Party Like a Rockstar

I told you yesterday that my Date Night didn’t go exactly as planned on Saturday. Well the original plan was to go to my friend’s party in Brooklyn.

A girlfriend of mine from high school was hosting a Stranger Party. What’s a Stranger Party you ask? It’s a party where you bring someone that most likely does not not know anyone else who might also be attending and then you all have a good time meeting new people. When she told me about it over Mexican a few weeks ago I was super excited! Normally I shy away from parties because, more often than not, there is a signficant amount of heavy drinking at 20-somethings parties. But if I feel safe with the person who is throwing the party, I’m all for it.

Even though I didn’t go to the party on Saturday, I figured I would share my “attending parties sober” advice….

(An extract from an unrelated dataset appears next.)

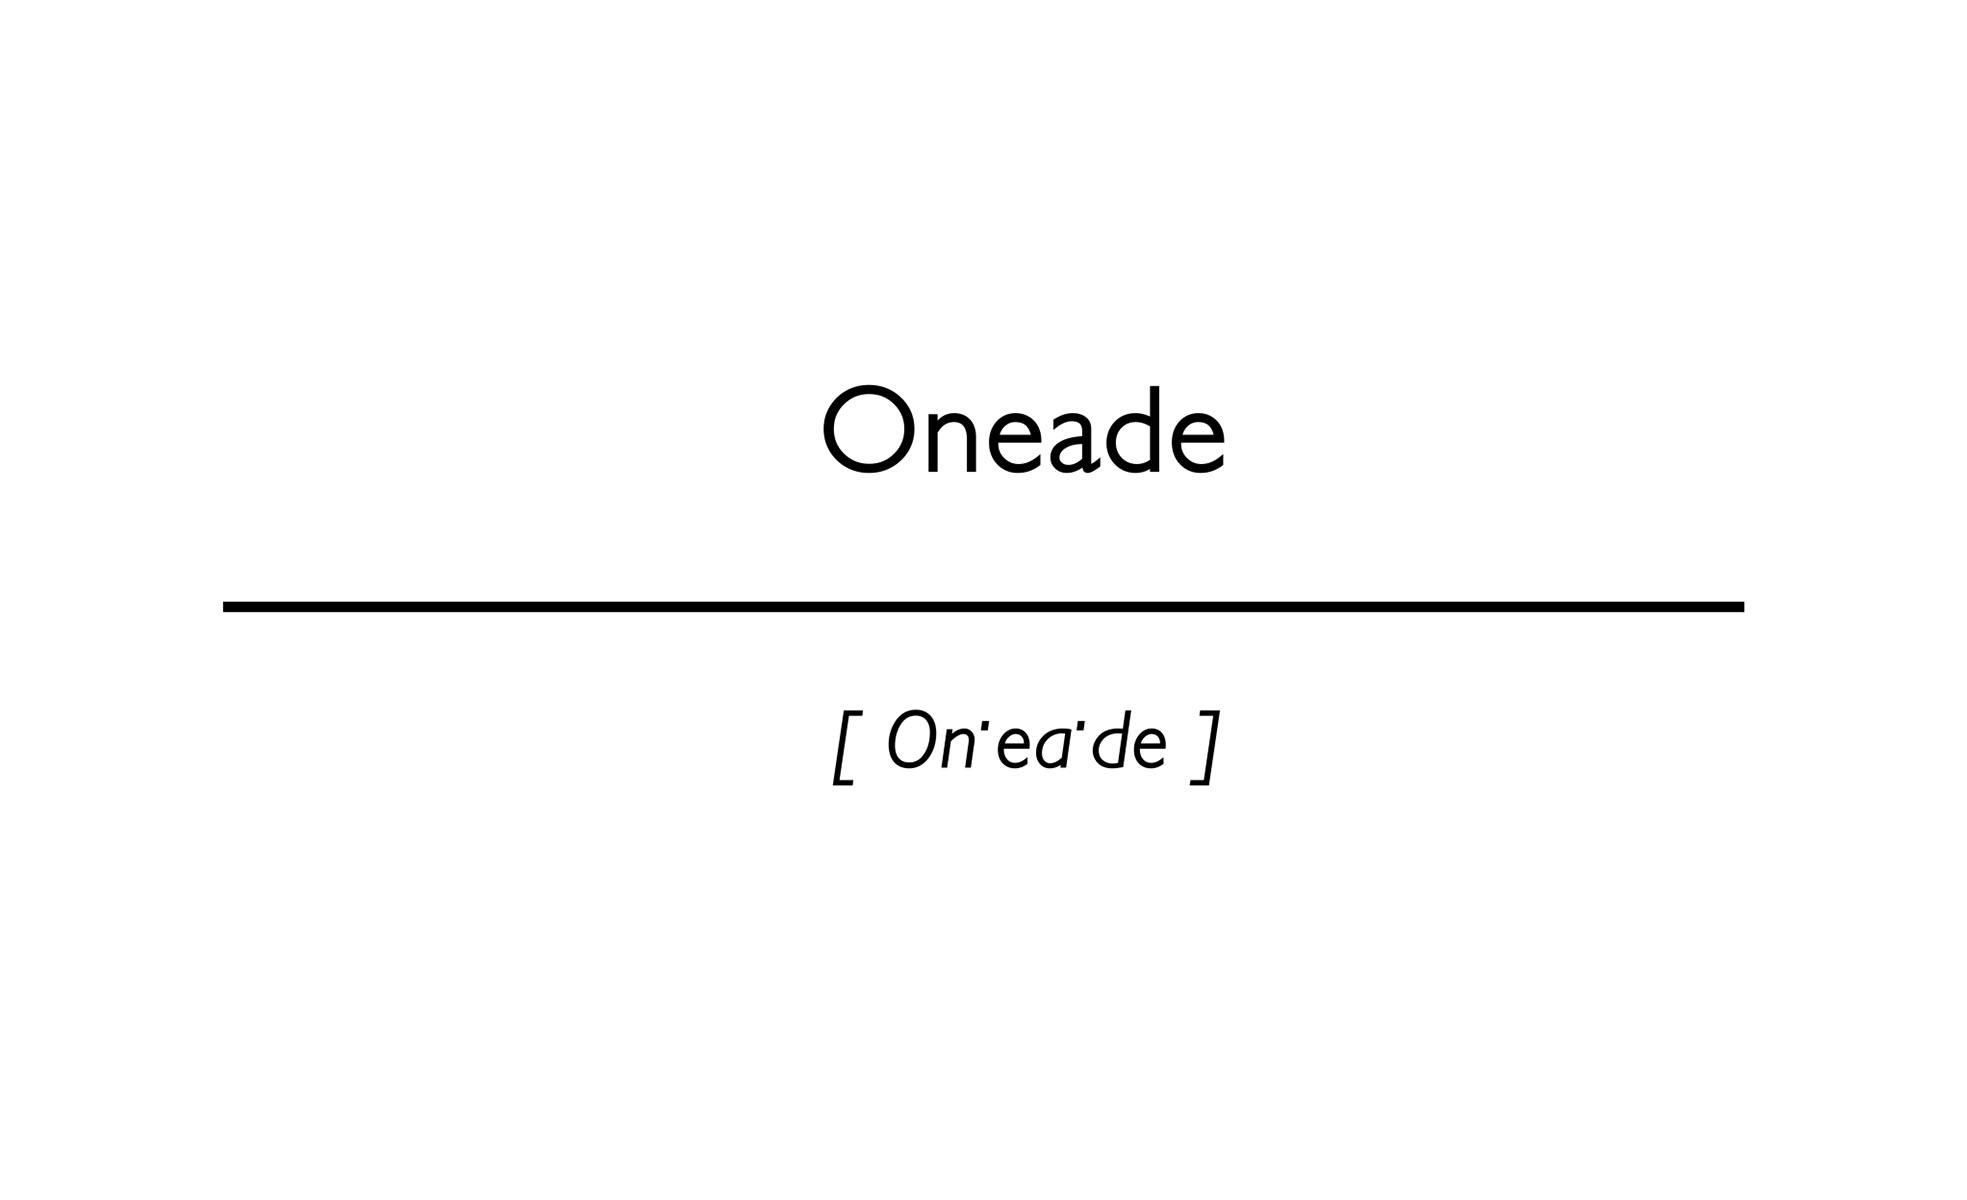 word Oneade

I didn’t go to any parties/bars in my first year of sobriety because I was too scared and rightfully so. I think it’s good to have this healthy fear. It wasn’t just the fear that I might end up tempted to drink myself, but also…how do I interact with drunk people? Also, I was afraid everyone would notice that I wasn’t drinking and therefore end up being labeled as the freak. As I stuck around in recovery, people helped me become more knowledgable about how to handle social situations that involve alcohol (even in professional settings!). I will never feel 100% comfortable at a party that involves alcohol no matter how long I’ve been sober, but it does eventually get bearable.

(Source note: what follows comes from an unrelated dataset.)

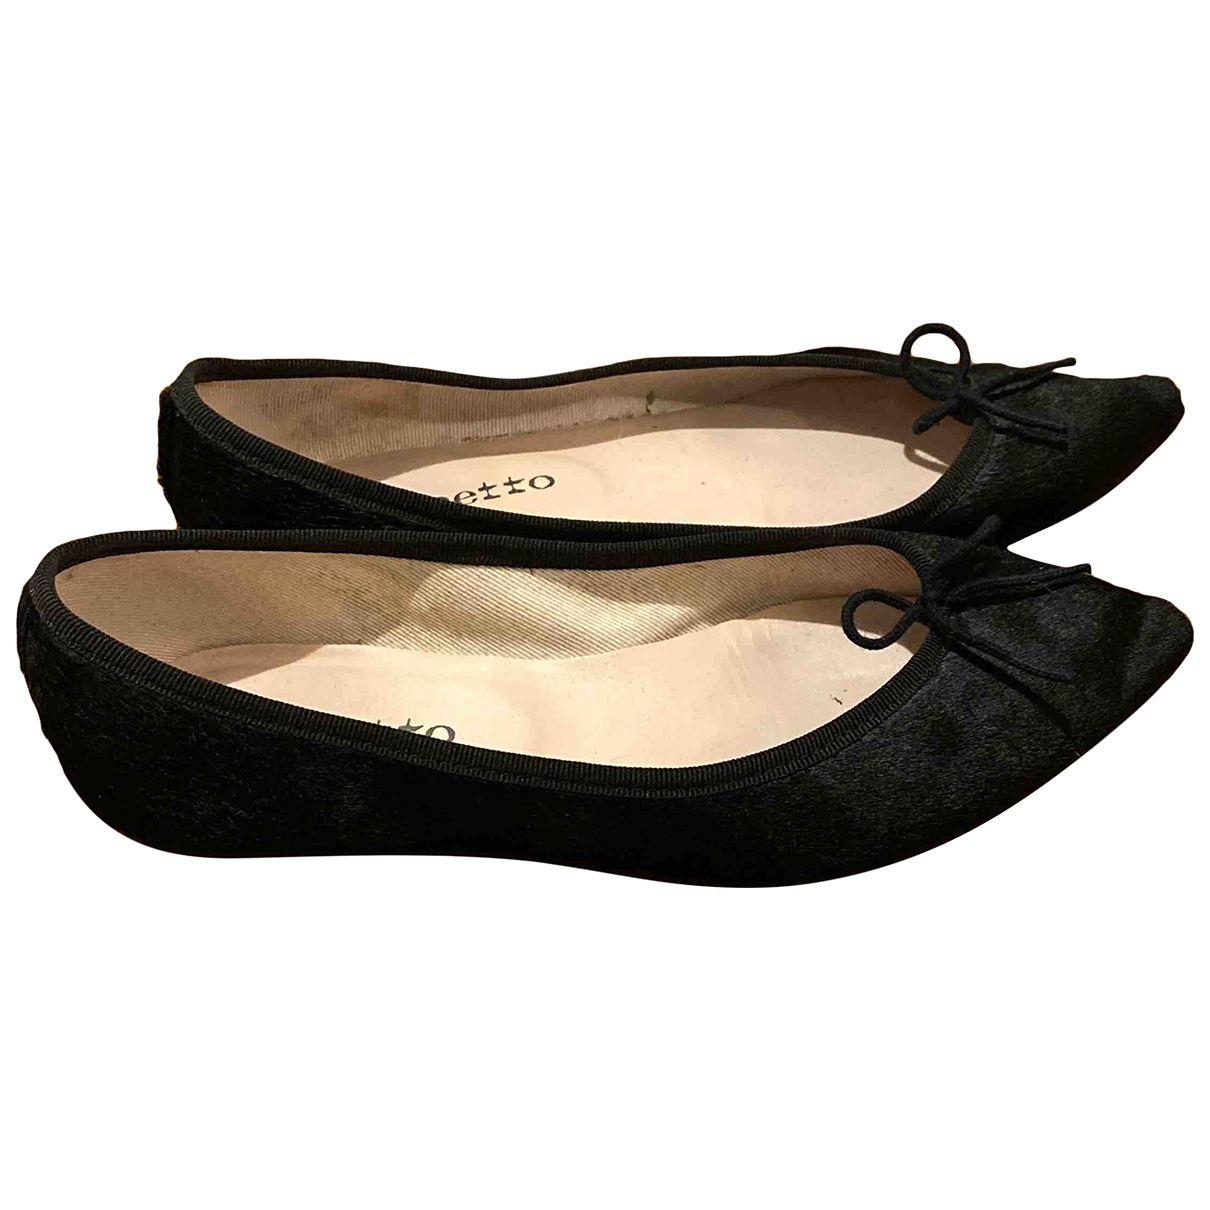 Repetto \N Black Pony-style calfskin Ballet flats for Women 39 EU

Some tips for going to parties where alcohol will be served:

  1. Call your sponsor or another friend from the rooms before you go and let them know where you’re going and what time you plan to leave.
  2. Bring someone who supports your recovery with you to the event. Either a fellow AA or someone close to you who won’t be drinking. Sticking together makes the whole thing a bit more bearable.
  3. BYOS (bring your own soda) just in case it’s a lame college party and the host doesn’t consider that not everyone wants to drink from a keg.
  4. Don’t ever let someone hold your cup for you. You never know what could happen to it while you aren’t watching.
  5. If you must travel by car to this party, never volunteer to be the designated driver (see Tip 6 for why not).
  6. Always have a way out. If you start to feel uncomfortable, don’t feel obligated to stay for any reason. Make sure you have a way to get home safely at all times.
  7. Call someone in your network on your way home from the party.

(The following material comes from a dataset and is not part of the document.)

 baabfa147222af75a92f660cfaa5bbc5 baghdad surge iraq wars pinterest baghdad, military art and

Being around alcohol doesn’t bother me a whole lot 3.5 years later but it used to. If someone has a drink at dinner I won’t freak out. If I have to be in the room with a bunch of raging drunk people… I will leave.

The number one reason I don’t like to be in alcohol-related situations today is that I value honest connection. When I can have an honest conversation with a stranger or new friend without involving alcohol or other substances, it makes me feel real. That is the way I want to build relationships today. Who wants to make a first impression on someone when they are wasted?? In my case, you probably wouldn’t have wanted to meet me a second time.

My suggestion to those who are new in recovery: avoid parties with alcohol altogether. If you want entertainment and good company, go to a meeting! I guarantee you that you will laugh at least once. And if you need your dose of being around hardcore partiers, go to a meeting. Most likely the people there have crazier stories to tell than than you do.

What do you do at parties to stay safe?